EVs typically run thousands of dollars more than their gas counterparts, if they even exist. Car and Driver magazine estimates that the average sticker price of an electric car is $19,000 more than that of an average gas car. The word “average” is doing a lot of work there, and most EVs at this point are luxury-trim levels, likely because the cars are expensive to make so they may as well cram ’em with leather and wood, but you get the idea.

But what about operating costs?

The U.S. Department of Energy’s National Renewable Energy Laboratory (NREL) and Idaho National Laboratory just released a study that broke down, regionally, the cost of running an EV versus that of a standard gas car. Obviously, there are a ton of variables at play. The cost of gas is the big one, as is when an EV owner charges their car, and how they do it. Rapid charging during daylight hours tends to cost a lot more than the slow trickle of a garage power outlet at night, for example. Length of ownership also matters a great deal, as EVs tend to be cheaper over the long haul.
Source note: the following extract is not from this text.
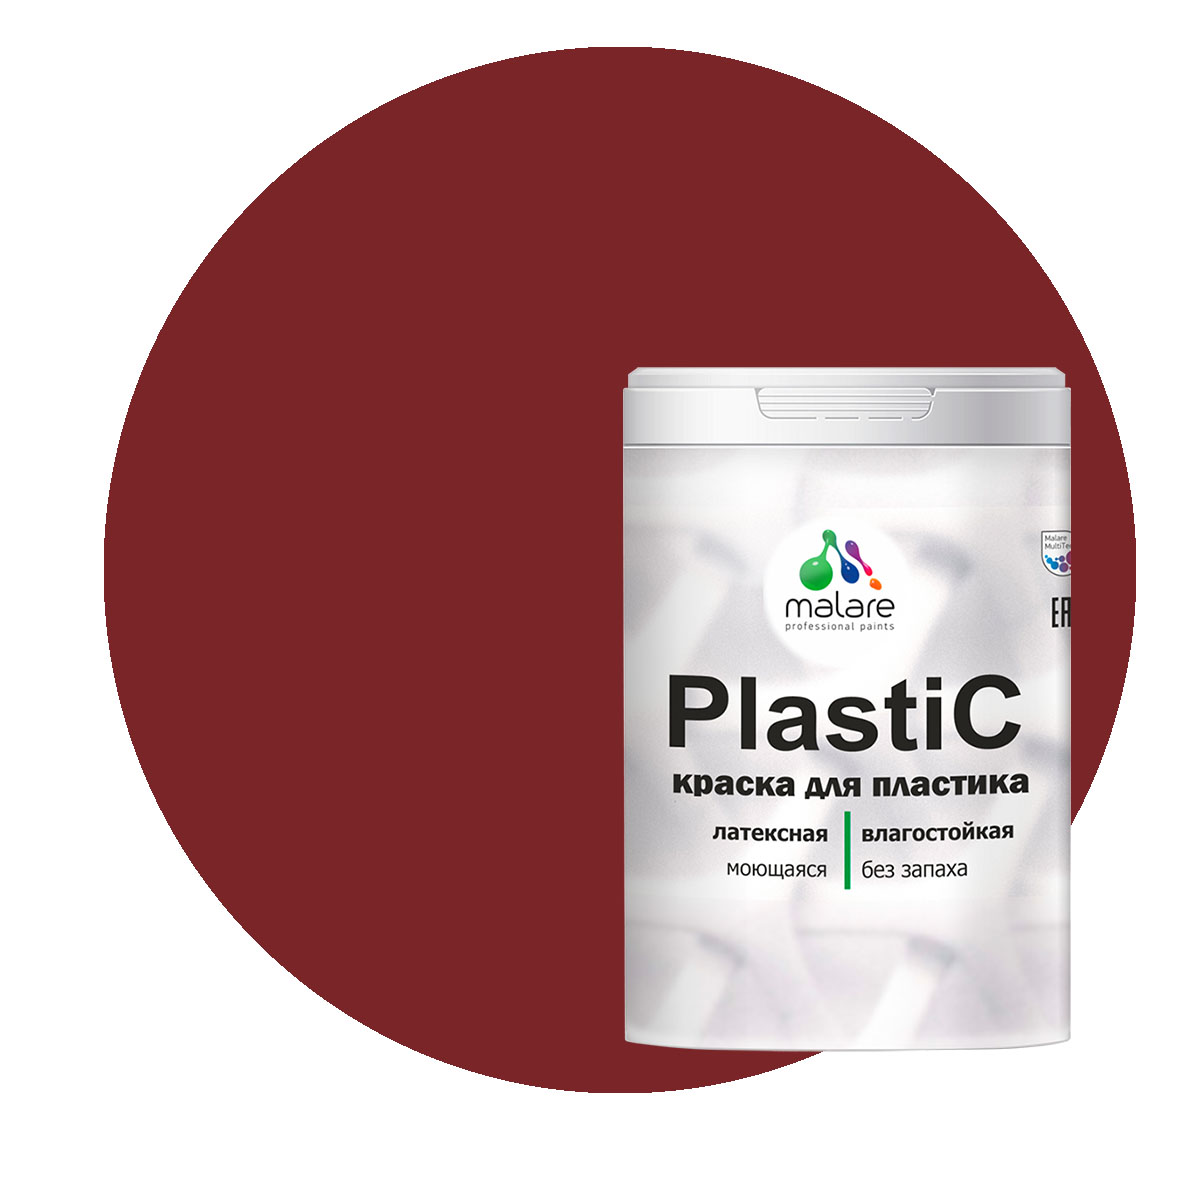 Краска Malare PlastiC для пластика, ПВХ, для сайдинга, багровый агат, 1 кг.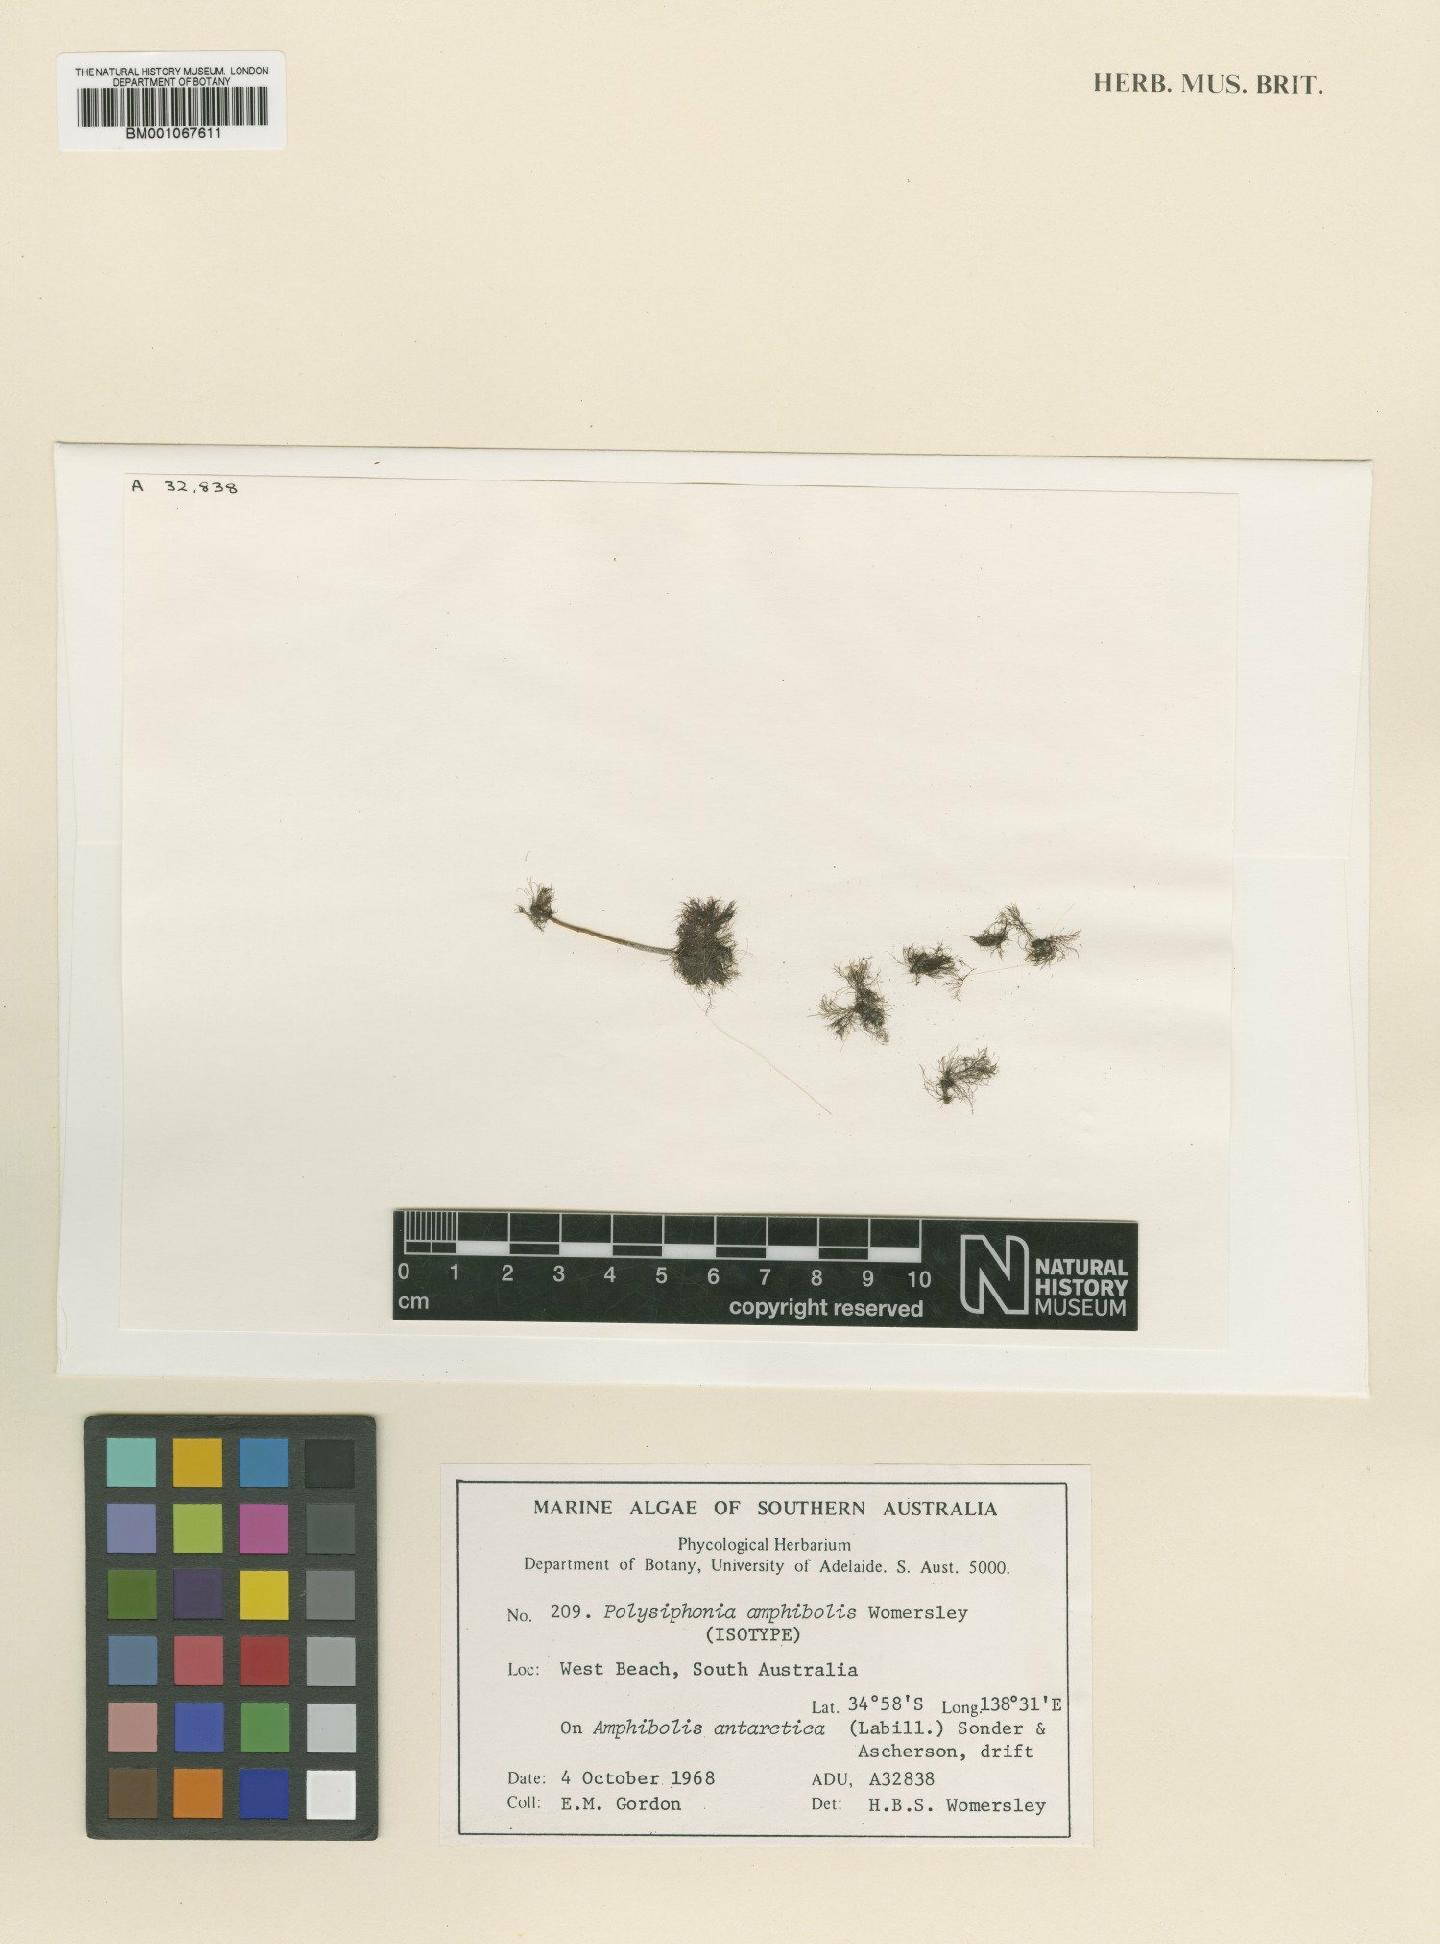 To NHMUK collection (Polysiphonia amphibolis Womersley; Isotype; NHMUK:ecatalogue:2303594)

How much? Depends on how much gas costs where you live and how you charge the vehicle. But, the researchers in the study place the average low end of savings of an EV versus a gas car at $3,078, and the average high end at $10,445.

The dizzying array of factors makes the calculations complicated, but you can see on the below chart about how much you can expect to save with an EV over 15 years, when compared with a gas car, depending on in which state you’re operating the EV.

National Renewable Energy Laboratory

Finally, this doesn’t even factor in maintenance costs. Though cars have progressively become more reliable over the decades, things do still break. If a transmission fails on an out of warranty vehicle, say goodbye to about $5,000. Exhaust systems frequently start failing smog tests on older cars, and patching them up can get expensive fast. Changing the oil every few months adds a few hundred dollars per year. And on and on.

EVs have a fraction of the moving parts of a gas-powered car. Tires and brakes and wiper blades will still wear out, but there are far fewer fluids to replace, no oil changes, no real transmission as most drivers understand them—very little to break.


Again, cost is one part of the decision-tree when it comes to buying an EV. If you’ve driven one, there’s an exhilarating feeling driving a silent, powerful car. Gas engines seem impossibly crude by comparison. Sure, there’s a price hurdle up front with EVs, but studies like this may go a long way toward bending the ear of gas-only drivers. As will watching a Rivian silently cruise a burly dirt road somewhere.